The one article of home-production left, which was open to foreign competition, is sugar. The erratic development of this industry in conjunction with the tariff has been so eventful, and so instructive from the economic point of view, that a rather lengthy review may be pardoned. This is practically a paraphrase and condensation of the extremely interesting, though, at times, somewhat exclamatory article written by M. Ricardo Pillado, the head of the Division of Commerce in the Argentine Ministry of Agriculture, 1906. Unfortunately, in attempting to follow some of the author’s calculations it has been found quite impossible to verify his results or to see how he arrived at them. In some cases the figures are so obviously impossible in the light of the data that the only explanation seems to be a misprint. In order not to sacrifice the continuity of his account, these figures have been given as they stand. The fact that the article in question appears in a collection, derived from various sources, and republished officially at the Ministry of Agriculture, seemed to give additional justification for its presentation here without emendation.

Writing at end of 1903, when the Brussels Convention had just condemned Bounties, and when the original heavy import duties and export drawbacks were still in force, he makes this preface to a general discussion of the whole working of the exaggerated protection of the Sugar Industry.

“The fiscal protection of the Sugar industry, instituted in the year 1883, and maintained up to the present moment in all its intensity, has been the source of the gravest evils to the Republic, not merely through its immediate effect and its having admitted and secured the maintainance

of an economic system so detrimental to the country, but also, in the sphere of credit, through the complications of which it has been the indirect cause. Every effort, therefore, tending to destroy to their very foundations the fallacies which have been the mainspring and origin of its birth and continuance up to the present day ought to be considered, in my opinion, as an act of patriotism and duty.”

M. Pillado is far from being a free-trader in the accepted English sense. “The protection which reasonably may be and, I will even say, ought to be afforded to national industries cannot,” he goes on to say, “be identified with the favours which were lavished on the sugar industry.” Although he is in favour of a moderate and strictly protective Tariff, he cannot reconcile the prevailing system with any economic theory whatever.

The Sugar plantations and refineries are situated in the remote North West of the country, and the latter were practically in the hands of two powerful concerns. Owing to the expense of rail transport, under no circumstances could the sugar be transported to the coast to compete on equal terms with the imported ocean-borne article, and certainly not, with the additional freight, in European markets.
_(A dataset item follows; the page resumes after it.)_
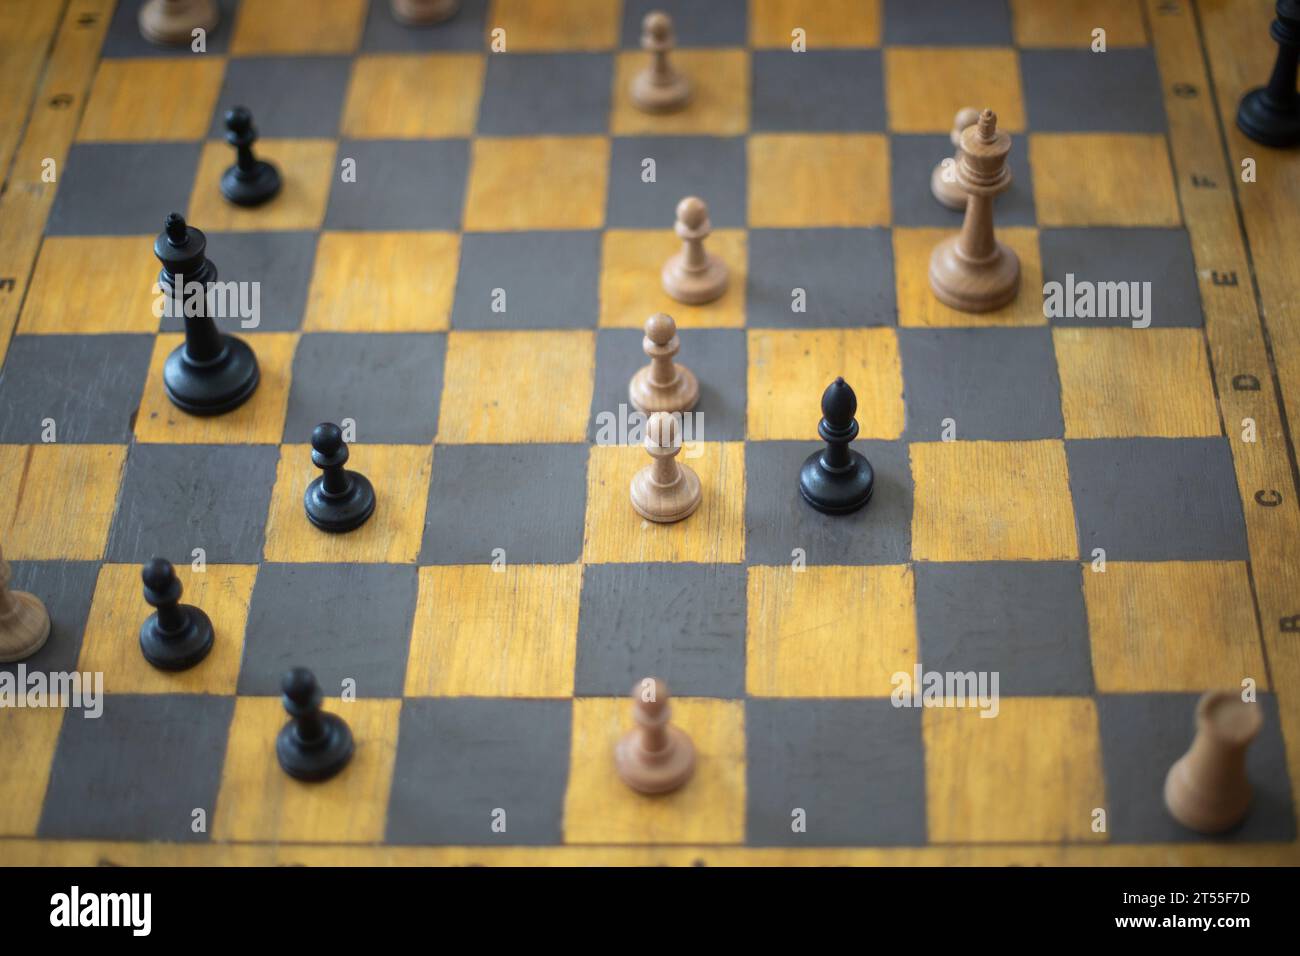 Playing chess in tournament. Chess pieces on board. Stock Photo

The initial error lay in the assumption that these Northern Districts round Tucuman were especially adapted by climate and other conditions to the cultivation of cane. No such natural privilege exists. The origin of the industry, on the contrary, is to be found in that very distance from a port which renders its present condition anomalous. Sugar-cultivation was instituted solely with a view to the satisfaction of local requirements, and the idea of competition with foreign produce in the capital was probably never dreamed of. This view is the more probable when it is remembered that Tucuman lies nearly a thousand miles from Buenos Aires, while railway communication was not established until 1888 or even later.

At that time, however, protection was already in full force. Although full communication was not established until 1892, and till then goods had to be transported by cartage, or whatever means the state of the roads (such as they were) permitted, so early as 1883 the duty was raised from the existing rate of 25% ad volorem, to a specific tax of 5 cents per kilo, at a time when there was only one currency. The impost being irrespective of quality, the actual burdens resulted as follows: On refined Sugar valued by the customs at 19 c. the kilo, 26½%; on white or granulated with a valuation of 14 c., 35¾%, on raw of 11½ c. per kilo, 43½%. It is obvious says the writer, that the greatest burden fell on the lower grades, the only ones which the local refineries were in a position to produce and to offer in competition with imported sugars.